Maureen then went on to talk about her own father who had died of cancer. ‘Before the cancer there were things about him that I did not like. But before he died there was nothing about him that I did not love’. She saw how he had been purified in the process. The implication was that the same could happen to her and she was ready for it. In the context of a whole life, the important thing about any suffering is not how painful it is but how purifying it can be.
We talked about many other things that day including her deepest desires. Not surprisingly, a top priority was that all would be well for her husband and children after she had gone. One thing that did not feature was a miraculous cure for her illness. As we talked, I felt inspired to quote a line from the Psalms, one that surely presents a challenge to anyone in such straits as she was. ‘If you find your delight in the Lord, he will grant your heart’s desires’ Psalm 36(37):4. This consoling promise of the Lord touched a chord within her. She responded positively to the suggestion that God is prepared to teach us how to ‘take our delight’ in him if we keep asking for this grace. This seems to have happened, as eternity became more and more the focus of her thoughts over the seven months before she died.
On the day of her funeral, her husband, now deceased himself, told me that he was aware that something profound was happening. During her last days it was she who was supporting him. Her natural solicitude for her family led to neither disquiet nor agitation. In prayerfully trying to ‘find her delight in God’, she was confident that her family would be safe in more capable hands than her own.
Shortly before she died, I asked her if she had any regrets. ‘That I didn’t follow my instincts more during my life. I often allowed people to dissuade me from doing what I thought I should do.’
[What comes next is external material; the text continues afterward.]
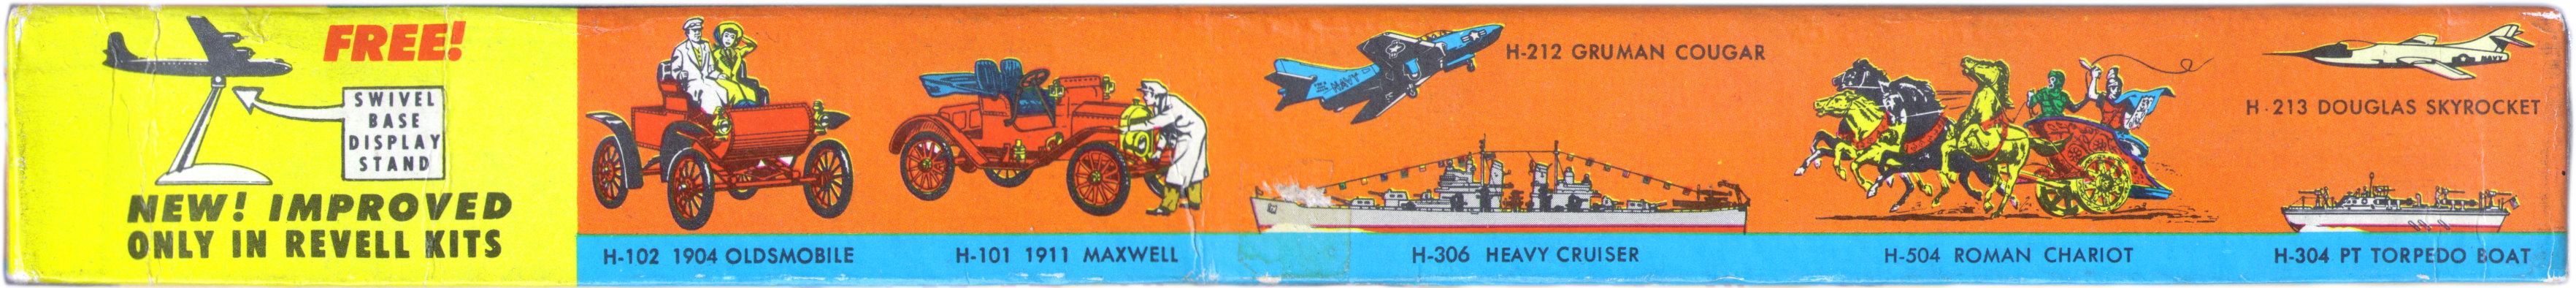 Коробка Revell H206 Boeing B-47 Giant Stratojet Bomber, Revell Inc, 1954

In the light of our conversations I couldn’t have agreed more. Maureen was one of those people whose heart had been purified so early on in her life that her instincts or hunches coincided closely with the promptings of the Holy Spirit. She should have had no hesitations about following them. Her other regret was at not having had a spiritual director to encourage her to act on these inspirations.
However, I think that in her case she had a more than adequate spiritual director in the Holy Spirit Himself.
It was only when I had penned these words that I realised that my own mother’s remains were lowered into the grave on the exact 30th anniversary of Maureen’s death. May they both rest in peace.